Pourquoi les choses tiennent-elles ? D’une certaine manière, par la force de l’habitude et l’autorité, c’est vrai. Mais au fond, elles tiennent surtout par loyauté.
Il n’y a pas de sensibilité sans attachement. Partant de là, on s’attache forcément avec qui on est, à là où on est, aux endroits où on vit, où on fait quelque chose. C’est un processus qui se déroule de manière autonome, indépendamment de la volonté des gens. Cela se rattache à l’existence, sa possibilité sociale. On se sent dépendant et redevable de certaines choses pour exister, et on est alors loyal.
Le symbole le plus fameux de cette loyauté, dans sa substance même, c’est bien entendu le chien.

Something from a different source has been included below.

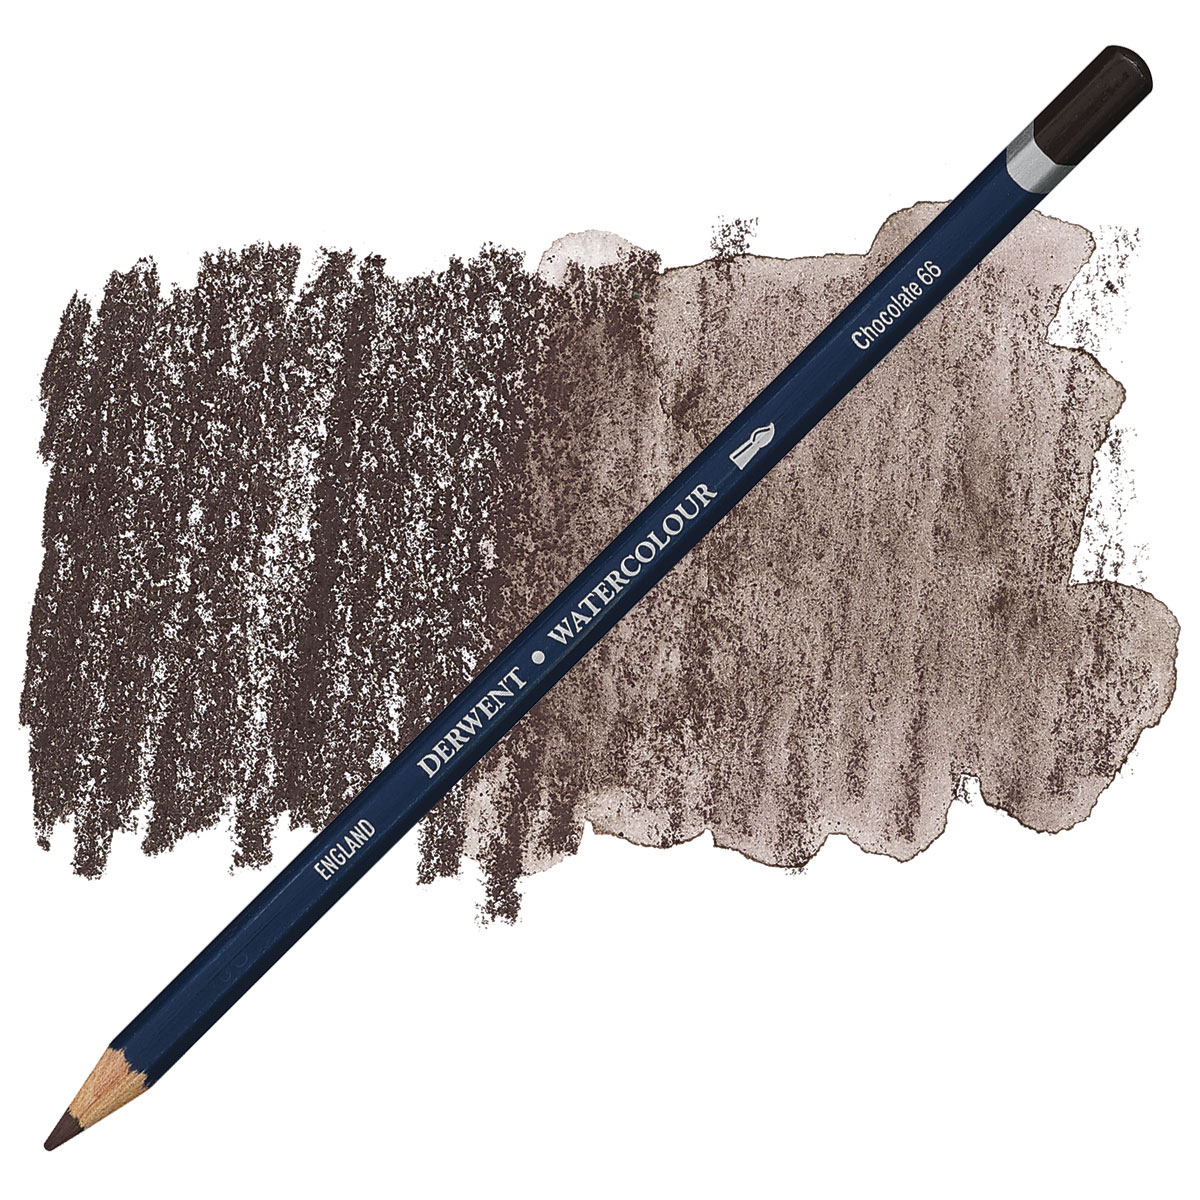 Derwent Watercolor Pencil - Chocolate, Brown

Le chien est le « meilleur ami » de l’homme, car il est loyal. Il ne trahira pas, il est marqué par sa loyauté, alors que les êtres humains, justement, peuvent dérailler.
L’humanité ne tiendrait pas sans loyauté et c’est à ça qu’on voit que les humains n’ont pas été « créés » par Dieu, mais sont bien des animaux produits par la Nature. S’ils sortent de la loyauté, ils sont perdus.
Toutes les loyautés ne se valent pourtant pas. Certaines sont fictives, d’autres symboliques. Toute loyauté dépend de la culture, c’est-à-dire de la réalité historique de l’humanité comme animal social développé.
Par exemple, on ne peut pas comprendre la guerre en Ukraine sans comprendre que ce qui joue beaucoup, c’est qu’un camp veut célébrer la victoire sur les nazis et l’autre ne le veut pas. Les Russes reprochent aux Ukrainiens leur déloyauté par rapport à leur passé commun. Le régime ukrainien propose de son côté une nouvelle loyauté, artificielle, « occidentale ».
La guerre Russie-Ukraine est, psychologiquement si on veut, avant tout une guerre pour la loyauté. Bien entendu, à l’arrière-plan, il y a l’affrontement entre les blocs. Mais les gens ne vont pas à la guerre sans motivation, ne serait-ce que minime et de portée historique.
Si on rate cet aspect essentiel de la vie humaine, on ne comprend d’ailleurs pas le maintien des religions, des nationalismes, des superstitions, bref d’un nombre immense de petits actes au quotidien servant de témoignage de loyauté.
Le folklore humain est même ici sans limites. On est loyal, on célèbre la loyauté… et ce d’autant plus qu’elle est absente, trahie, dévoyée, etc.
On ne soulignera jamais assez comment cet aspect est fondamental dans l’étude des mentalités, des actions et réactions au niveau personnel, individuel. Et tout cela est de nature historique, dépendant du mode de production dominant. Ce sont les attachements qui permettent que, demain, les gens iront au travail, il y aura des hôpitaux, et pareil après-demain.
S’il n’y avait pas ces attachements, d’ailleurs réciproques, rien ne tiendrait. On ne pourrait avoir confiance en rien, ni personne. Le propre du 24h du 24 du capitalisme est justement de ne permettre les loyautés que par l’intermédiaire de contrats et de marchandises.
C’est à ce niveau que tente d’opérer le « romantisme » d’extrême-Droite, qui prétend réactiver d’anciennes loyautés, en fait fictives le plus souvent. C’est le fameux « avant, c’était différent ». Il a sa part de vérité, car le capitalisme s’est renforcé et il a procédé à la dissolution de plus en plus de liens sociaux et culturels. Cependant, la tendance était déjà là.
Car le capitalisme ne permet aucune loyauté… à part à soi-même, et encore, à sa fonction dans le capitalisme. Voilà pourquoi, à l’inverse, être de Gauche, c’est montrer l’importance de la loyauté. On est là, parce qu’on protège ce à quoi on tient, et que ce à quoi on tient a du sens.
On peut avoir raison autant qu’on le voudra – si on donne l’impression de trahir, tout est foutu. Qui n’a pas connu ce moment amoureux où on se sent embarqué malgré soi dans quelque chose de nouveau, d’inquiétant, mais où on dit : je reste là, je suis loyal ?
Car on a confiance en le mouvement de la vie : telle est la vraie loyauté, la première, celle que toute loyauté rejoint.